”With this news, strengthen those who have tired hands, and encourage those who have weak knees. Say to those with fearful hearts, “Be strong, and do not fear, for your God is coming to destroy your enemies. He is coming to save you.” And when he comes, he will open the eyes of the blind and unplug the ears of the deaf. The lame will leap like a deer, and those who cannot speak will sing for joy! Springs will gush forth in the wilderness, and streams will water the wasteland. The parched ground will become a pool, and springs of water will satisfy the thirsty land. Marsh grass and reeds and rushes will flourish where desert jackals once lived. And a great road will go through that once deserted land. It will be named the Highway of Holiness. Evil-minded people will never travel on it. It will be only for those who walk in God’s ways; fools will never walk there. Lions will not lurk along its course, nor any other ferocious beasts. There will be no other dangers. Only the redeemed will walk on it. Those who have been ransomed by the Lord will return. They will enter Jerusalem singing, crowned with everlasting joy.

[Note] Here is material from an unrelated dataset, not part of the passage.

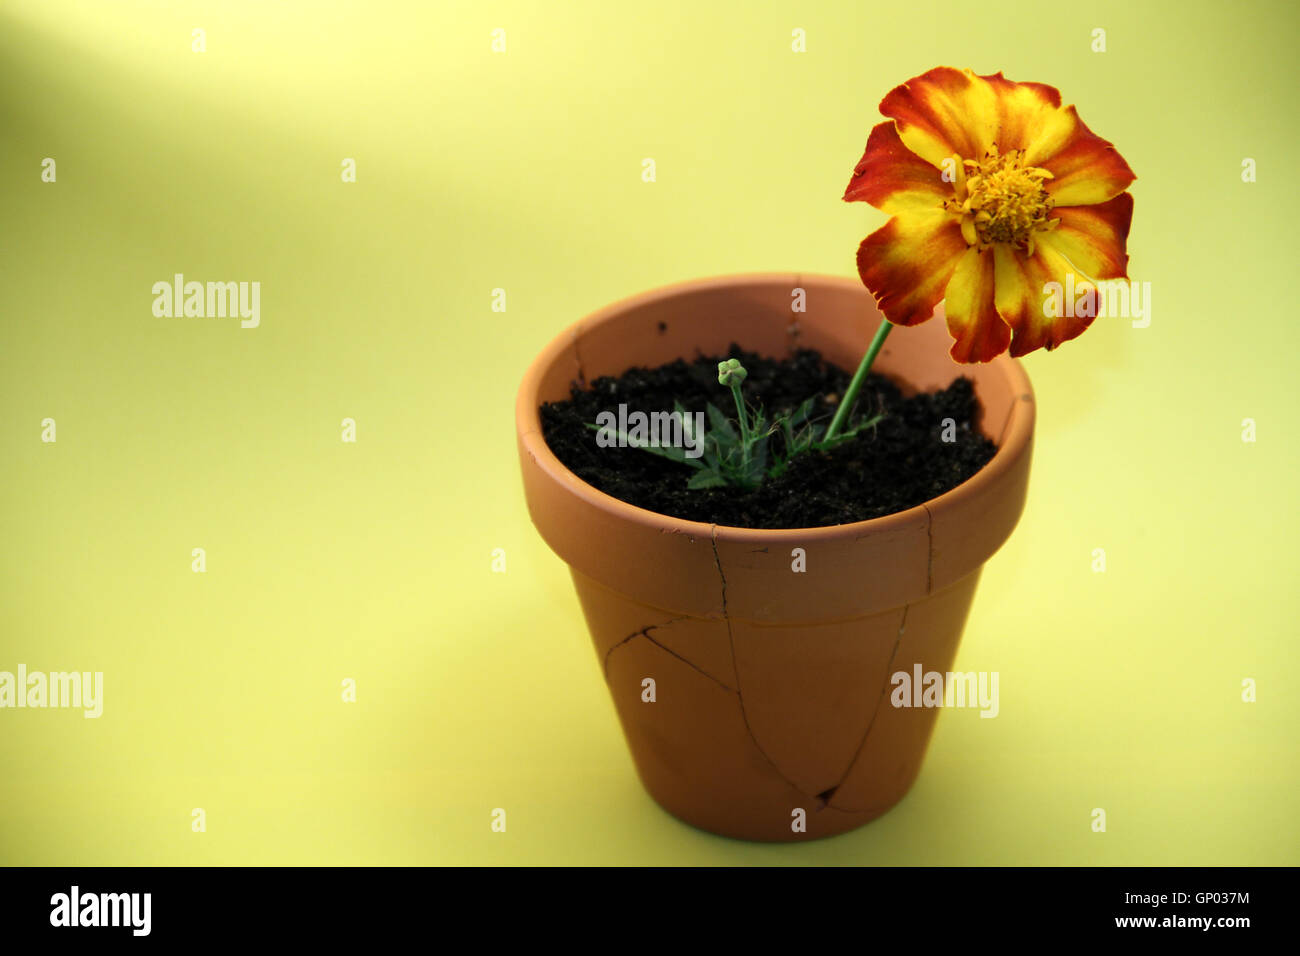 The flower is life growing through a broken pot which illustrates a traumatic state, resilience, recovery, rebirth. Stock Photo

Sorrow and mourning will disappear, and they will be filled with joy and gladness.“
Isaiah 35:3-10 NLT
Many think of the day of the Lord as a time where salvation will be full. To this, they mean a sort of time of personal growth wherein they become their ultimate selves. Some people even include a discipline of worship being open freely to them. They often view the promise of the new heaven and the new earth through these lenses as well, tending to see it as a sort of “shedding of skin,” for the human experience. However, these passages elucidate a deeper truth. The world that is destroyed is deserving of destruction. The people that are damned are worthy of damnation. The ones who are redeemed have no merit to be so. Their transformation to come is completely and entirely built upon their allegiance to their creator and his grace toward them. Our eschatology should not be a “self help revelation.” Furthermore, here, we finally have a right to rejoice at the destruction of all the wickedness and wicked people who have been storing up this destruction. Though we cannot take the vengeance ourselves, as we would surely misuse such authority, we should delight in it, in the hands of the righteous one. This truth has been kept away from the eschatology of many Christians, keeping from them an important cathartic element of their salvation.